Gulfstream track owner files for bankruptcy
By Michael Vasquez
© 2009 Miami Herald
Thuesday, March 5, 2009
Magna Entertainment Corp., the nation's largest horsetrack operator and parent company of South Florida's Gulfstream Park, announced Thursday it has filed for Chapter 11 bankruptcy protection.
The Ontario-based company, which has suffered losses in the hundreds of millions in recent years, said it plans to continue operations during its bankruptcy restructuring.
Manga's other U.S. racetracks include Santa Anita Park in southern California and Baltimore's Pimlico Race Course, the home of The Preakness Stakes.

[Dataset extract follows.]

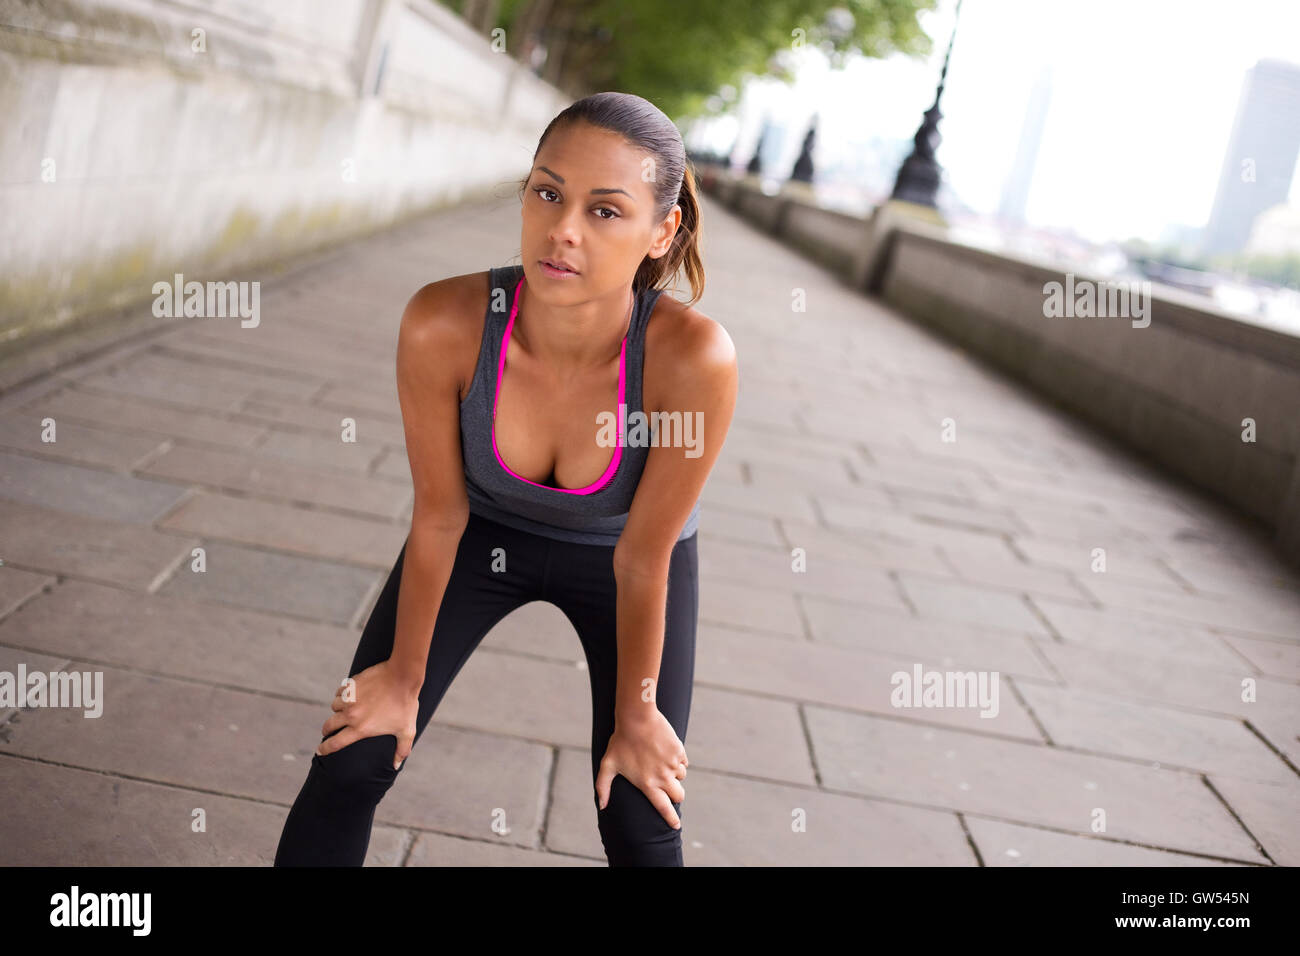 Runner leaning over to catch her breath Stock Photo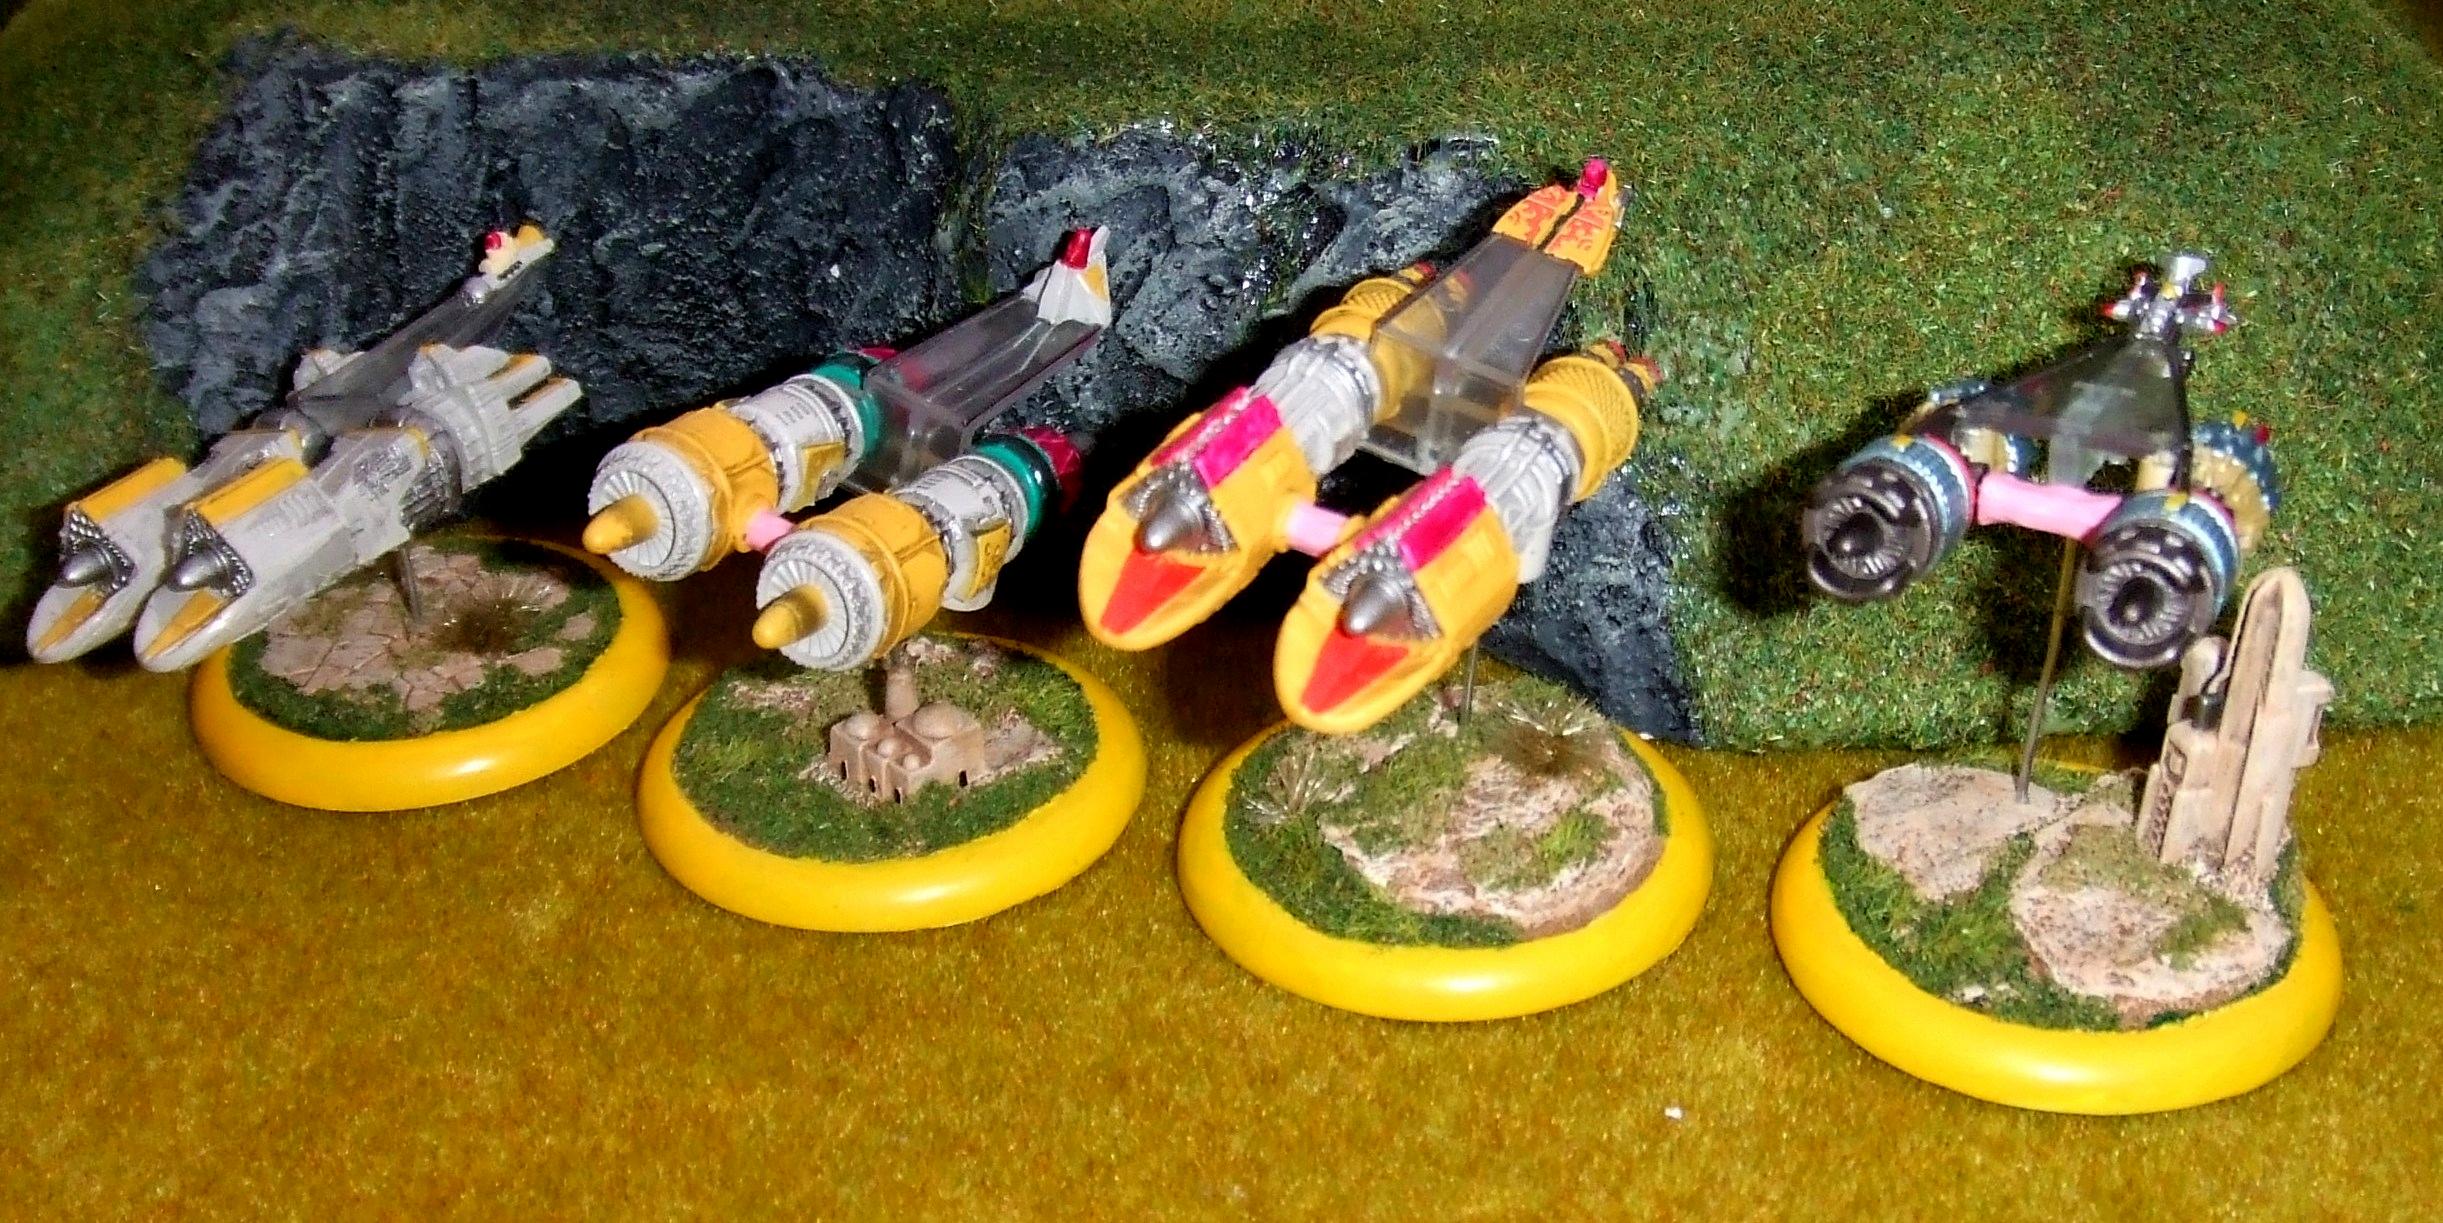 28mm, 35mm, Ds Bases, Dungeon, Hand Cast, Hordes, Naboo, New, Pod Race, Pod Racer, Pod Racing, Podrace, Rare, Resin, Roleplay, Rpg, Science-fiction, Spin Out, Spin-out, Star Wars, Starwars, Tabletop Gaming, Wargames Bakery, Wargamesbakery.co.uk, Warhammer Fantasy, Warmachine, Wgb

''100 percent business as usual,'' said Steve Calabro, vice president of gaming at Gulfstream Park. ``Both on the casino side and the racing side.''
Nevertheless, Magna's bankruptcy filing does raise questions about Gulfstream's long-term future. To keep its racetracks open, the company arranged a six-month, $62.5 million financing package through a subsidiary of MI Developments Inc., Magna's largest shareholder.
But that deal also calls for Magna to sell Gulfstream -- along with other properties -- to either MI Developments or a third party that may emerge during the Chapter 11 process.
Though South Florida's housing market is currently in a horrific slump, Gulfstream's Hallandale Beach property is a highly valuable piece of real estate, which could prompt interest from developers.
''The industry in Florida is going to be very, very concerned about losing Gulfstream, and they're obviously going to try to find solutions,'' said Timothy Capps a University of Louisville equine-industry instructor who previously worked for Magna in Maryland.
Gulfstream's slots casino, Capps said, could help save racing at the park, as it makes the property more attractive to casino interests than if it was just a racetrack alone. Any buyer of Gulfstream could only operate the slots so long as racing continues, according to state pari-mutual guidelines.